#### THE TASK:
For every line below, output the text exactly and leave out images.

#### DATA:
● ● ● ●

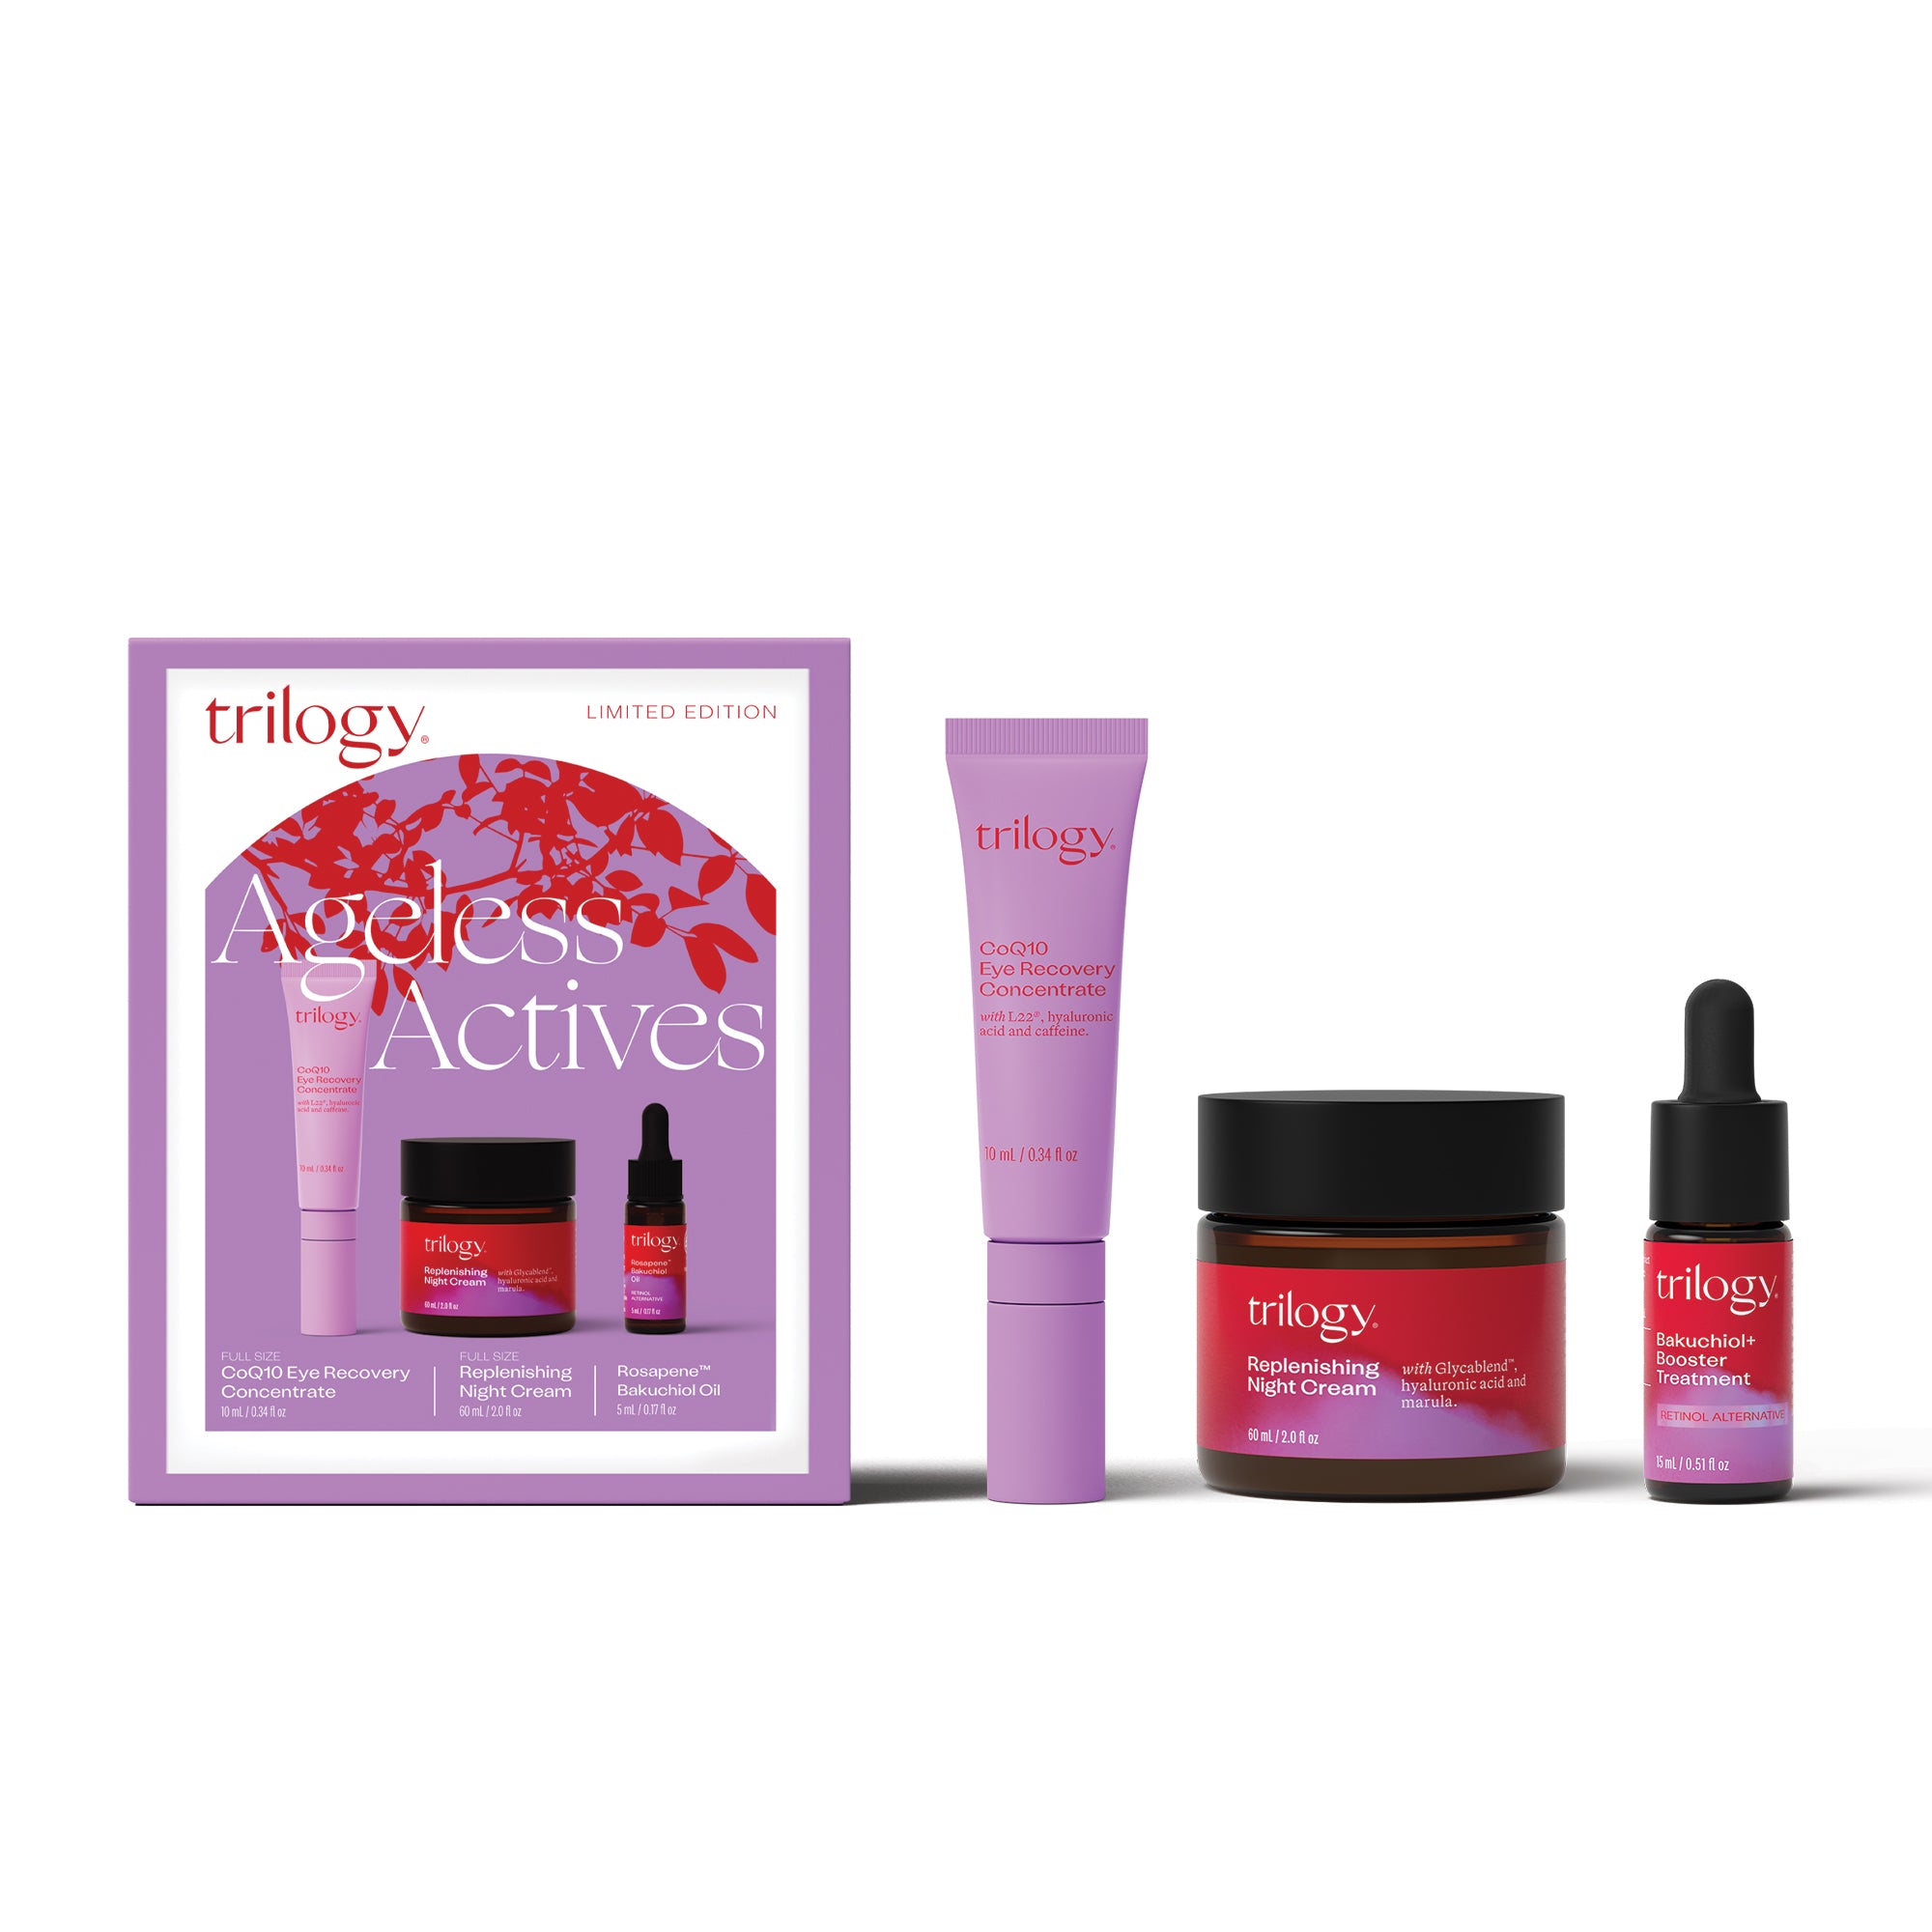 Limited Edition Ageless Actives Set
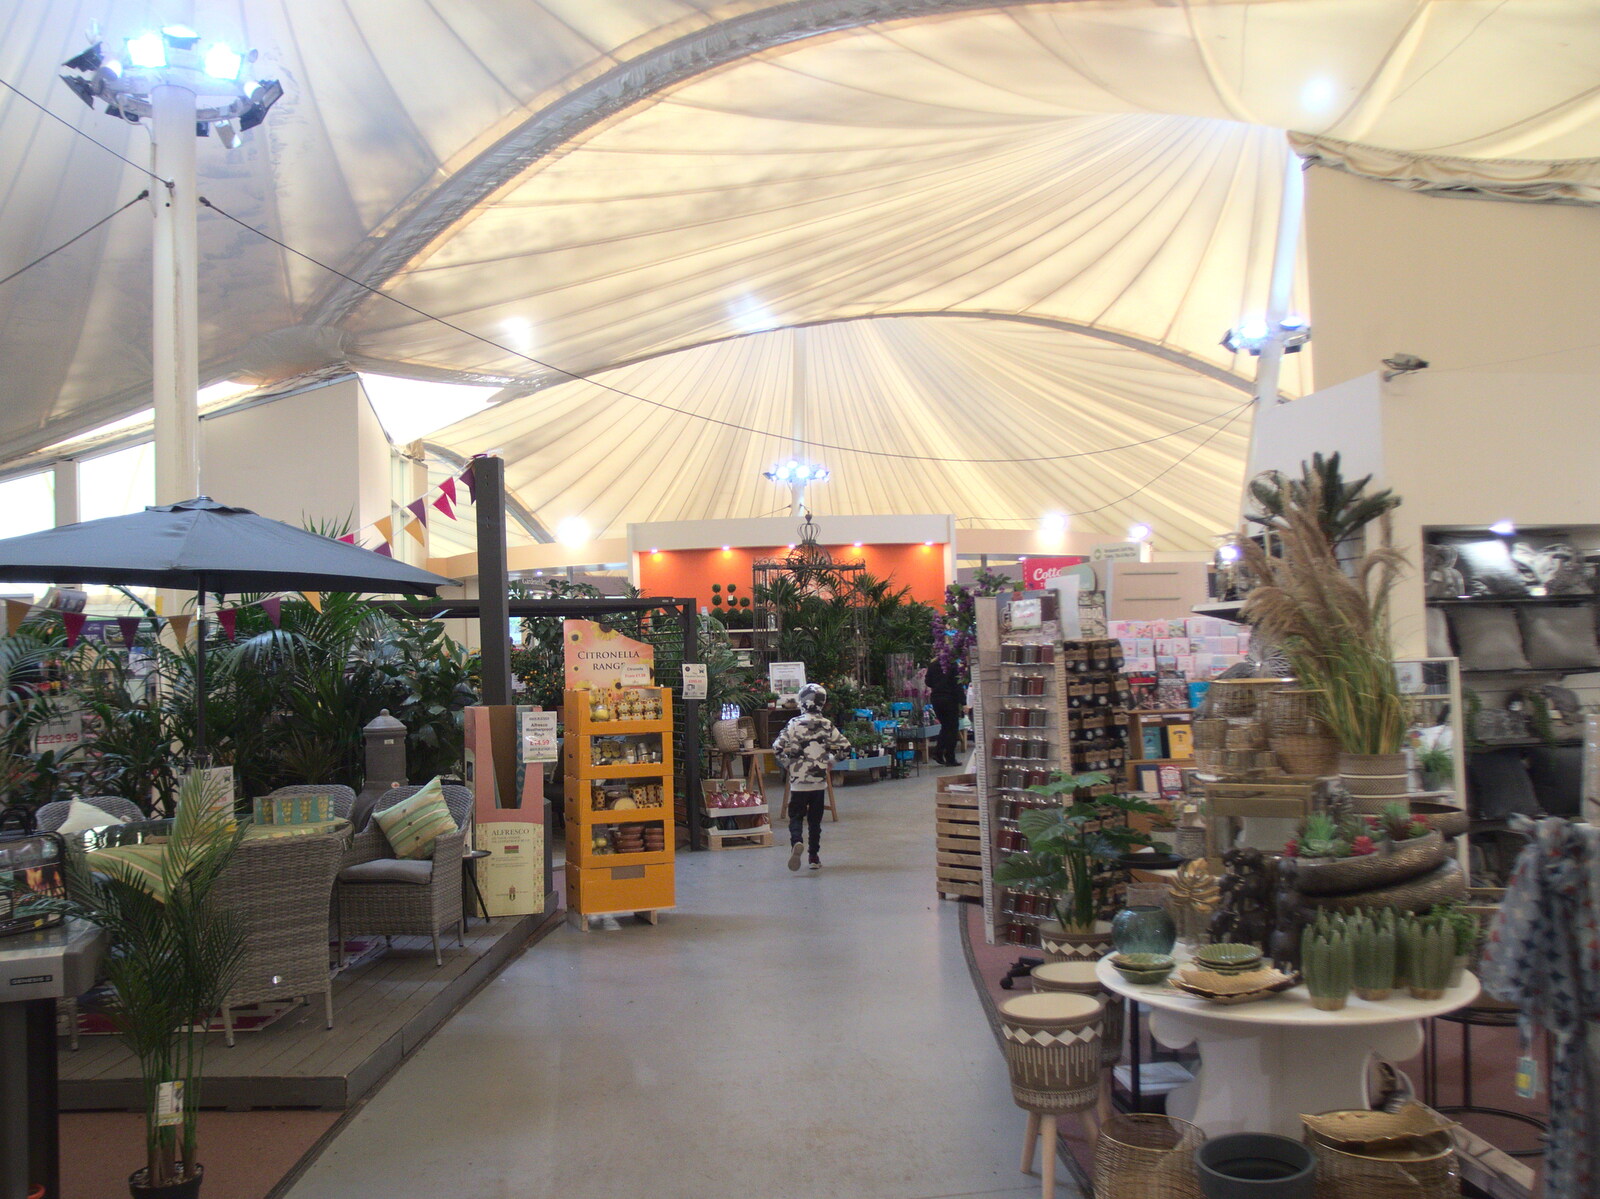 Harry in Bressingham Garden Centre from Garden Centres, and Hamish Visits, Brome, Suffolk - 28th May 2021
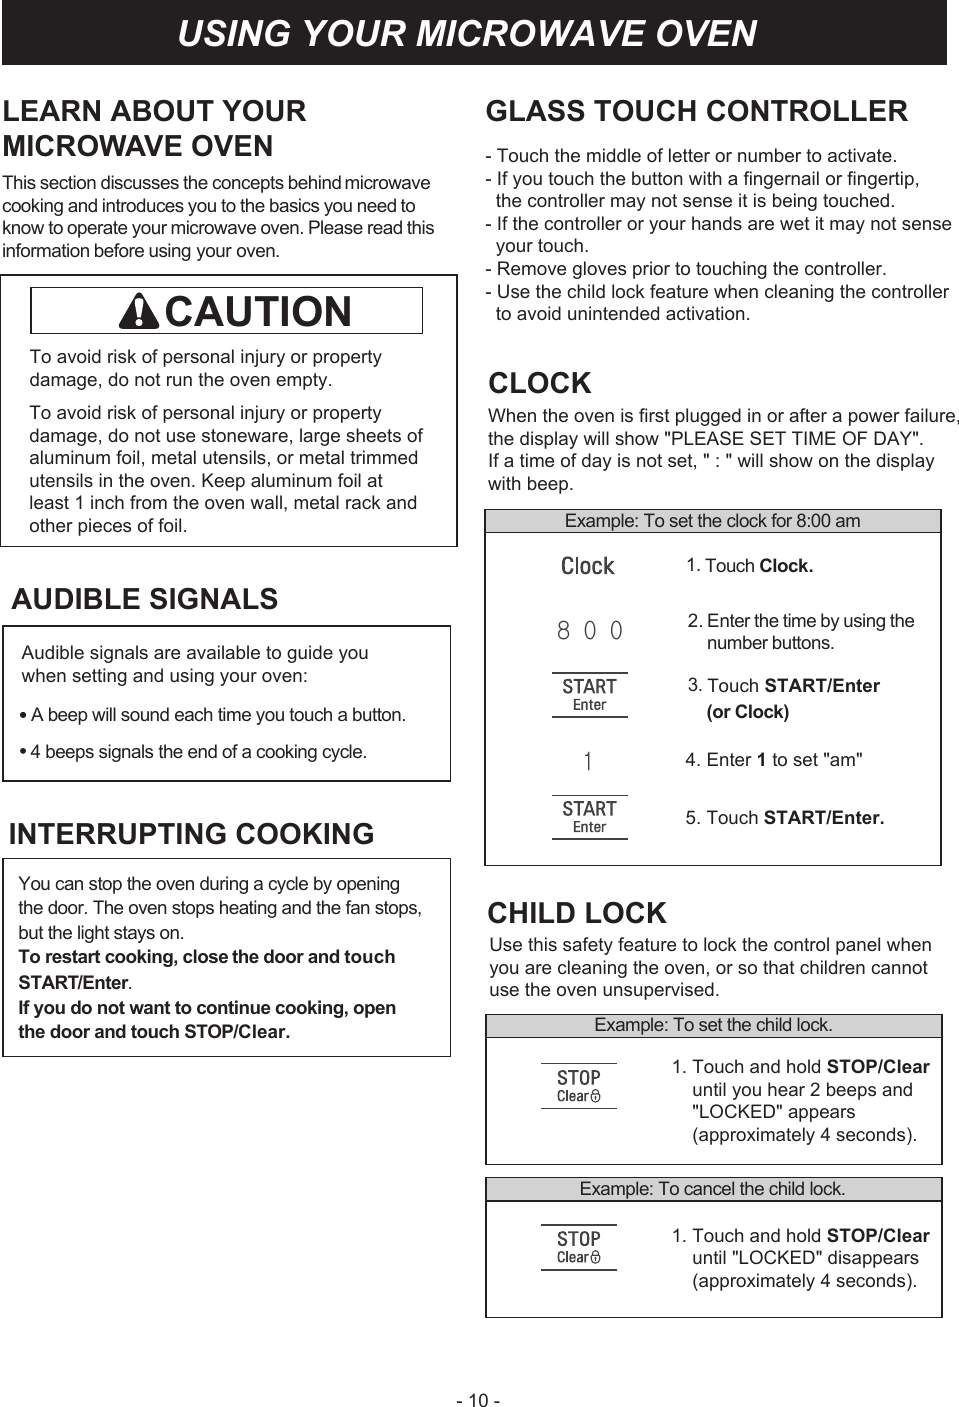 - 10 -LEARN ABOUT YOURMICROWAVE OVENThis section discusses the concepts behind GLASS TOUCH CONTROLLER- Touch the middle of letter or number to activate.- If you touch the button with a fingernail or fingertip,   the controller may not sense it is being touched.- If the controller or your hands are wet it may not sense   your touch.- Remove gloves prior to touching the controller.- Use the child lock feature when cleaning the controller   to avoid unintended activation. microwave cooking and introduces you to the basics you need to know to operate your microwave oven. Please read this information before using your oven.To avoid risk of personal injury or property damage, do not run the oven empty.To avoid risk of personal injury or property damage, do not use stoneware, large sheets of aluminum foil, metal utensils, or metal trimmed utensils in the oven. Keep aluminum foil at least 1 inch from the oven wall, metal rack and other pieces of foil. Example: Tosettheclockfor8:00 amCLOCKWhen the oven is first plugged in or after a power failure,the display will show &quot;PLEASE SET TIME OF DAY&quot;. If a time of day is not set, &quot; : &quot; will show on the display with beep.2. Enter the time by using thenumber buttons.4. Enter 1 to set &quot;am&quot;5. Touch START/Enter.1. Touch Clock.3. Touch START/Enter(or Clock)Example: To set the childlock.1. Touch and hold STOP/Clear     until you hear 2 beeps and     &quot;LOCKED&quot; appears    (approximately 4 seconds).1. Touch and hold STOP/Clear     until &quot;LOCKED&quot; disappears    (approximately 4 seconds).Example: To cancelthechildlock.CHILD LOCKUse this safety feature to lock the control panel whenyou are cleaning the oven, or so that children cannotuse the oven unsupervised.USING YOUR MICROWAVE OVENCAUTIONAUDIBLE SIGNALS•A beep will sound each time you touch a button.4 beeps signals the end of a cooking cycle.You can stop the oven during a cycle by opening the door. The oven stops heating and the fan stops, but the light stays on.To restart cooking, closethe door and touchSTART/Enter.If you do not want to continue cooking, open the door and touch STOP/Clear.INTERRUPTING COOKINGAudible signals are available to guide you when setting and using your oven:••8 0   01

● ● ● ●

#### OUTPUT FOR THIS TASK:
 Limited Edition Ageless Actives Set
 Harry in Bressingham Garden Centre from Garden Centres, and Hamish Visits, Brome, Suffolk - 28th May 2021
 - 10 -LEARN ABOUT YOURMICROWAVE OVENThis section discusses the concepts behind GLASS TOUCH CONTROLLER- Touch the middle of letter or number to activate.- If you touch the button with a fingernail or fingertip,   the controller may not sense it is being touched.- If the controller or your hands are wet it may not sense   your touch.- Remove gloves prior to touching the controller.- Use the child lock feature when cleaning the controller   to avoid unintended activation. microwave cooking and introduces you to the basics you need to know to operate your microwave oven. Please read this information before using your oven.To avoid risk of personal injury or property damage, do not run the oven empty.To avoid risk of personal injury or property damage, do not use stoneware, large sheets of aluminum foil, metal utensils, or metal trimmed utensils in the oven. Keep aluminum foil at least 1 inch from the oven wall, metal rack and other pieces of foil. Example: Tosettheclockfor8:00 amCLOCKWhen the oven is first plugged in or after a power failure,the display will show &quot;PLEASE SET TIME OF DAY&quot;. If a time of day is not set, &quot; : &quot; will show on the display with beep.2. Enter the time by using thenumber buttons.4. Enter 1 to set &quot;am&quot;5. Touch START/Enter.1. Touch Clock.3. Touch START/Enter(or Clock)Example: To set the childlock.1. Touch and hold STOP/Clear     until you hear 2 beeps and     &quot;LOCKED&quot; appears    (approximately 4 seconds).1. Touch and hold STOP/Clear     until &quot;LOCKED&quot; disappears    (approximately 4 seconds).Example: To cancelthechildlock.CHILD LOCKUse this safety feature to lock the control panel whenyou are cleaning the oven, or so that children cannotuse the oven unsupervised.USING YOUR MICROWAVE OVENCAUTIONAUDIBLE SIGNALS•A beep will sound each time you touch a button.4 beeps signals the end of a cooking cycle.You can stop the oven during a cycle by opening the door. The oven stops heating and the fan stops, but the light stays on.To restart cooking, closethe door and touchSTART/Enter.If you do not want to continue cooking, open the door and touch STOP/Clear.INTERRUPTING COOKINGAudible signals are available to guide you when setting and using your oven:••8 0   01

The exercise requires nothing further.